#37: god blessed me with the ability to sleep on planes
a new app, some personal thoughts on BYU, and a tiktok wishing everyone a happy pride month
hi hi hi sisters ♡ can we believe that it is june already?! because I sure can’t. last night I flew back into new york city after having a wonderful 2+ weeks in san francisco. as much as new york drives me crazy with the inconveniences, the humidity, the rats, the prices, I love this city more than words can describe. flying over manhattan at night, seeing all the lights twinkling makes me giddy.
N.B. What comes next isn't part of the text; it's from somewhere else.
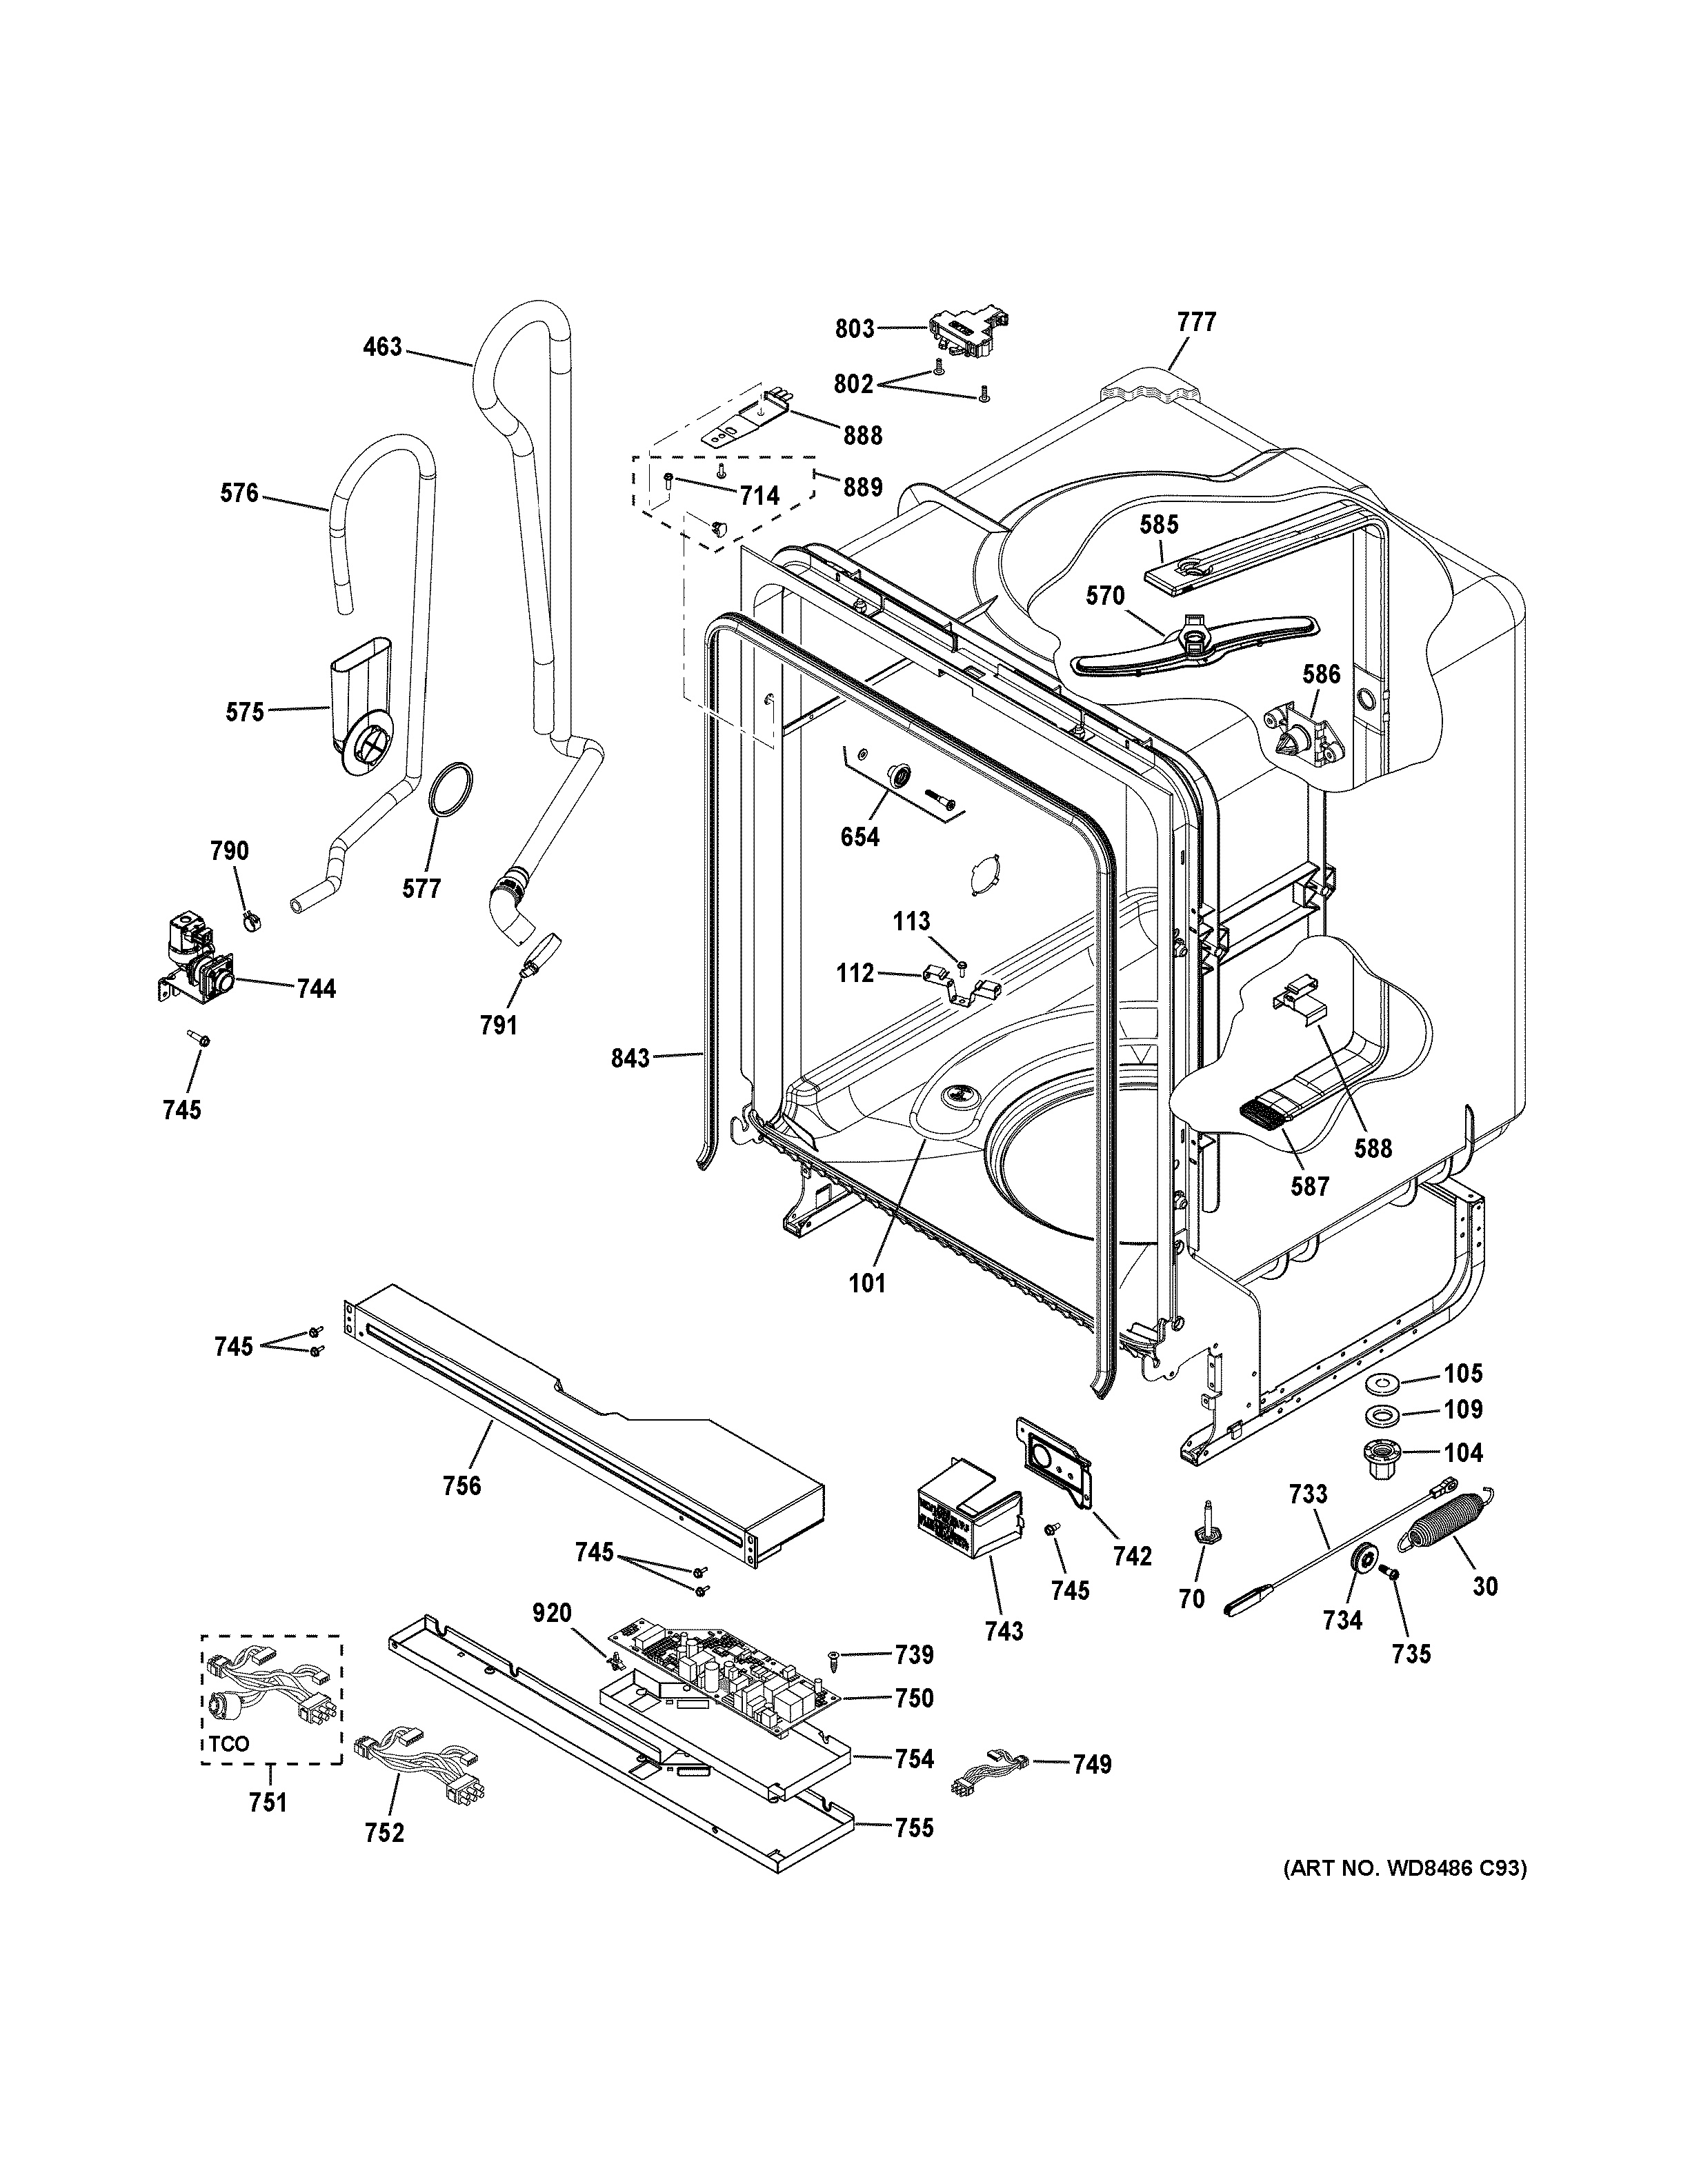 35 Asko Dishwasher Parts Diagram - Wiring Diagram Database

I truly feel like a little kid on christmas just in awe of the beautiful city i’ve been lucky to call home for almost 4 years now.
also HAPPY PRIDE MONTH! while most anyone I know could tell you that I am positively straight, my tiktok definitely thinks i’m a lesbian and I’ll take it, because I have truly always felt so safe being an ally for the LGBTQ+ community. and I want to honor that community by taking the time this month sharing songs and movies and recs that can help all of us be better allies, or be a better member!
I have a new app for everyone, its called everywhere is queer. its a “public resource (and ever-growing searchable map!) created for the LGBTQIA2S+ and ally community to find welcoming, queer-owned spaces to shop, connect, eat, learn, and grow all over the world… even in your own neighborhood!”
essentially the app will let you know which shops and restaurants and businesses are owned by LGBTQ+ individuals! perfect to download and start using now!
movies: the votes have it, i’ll share each movie!!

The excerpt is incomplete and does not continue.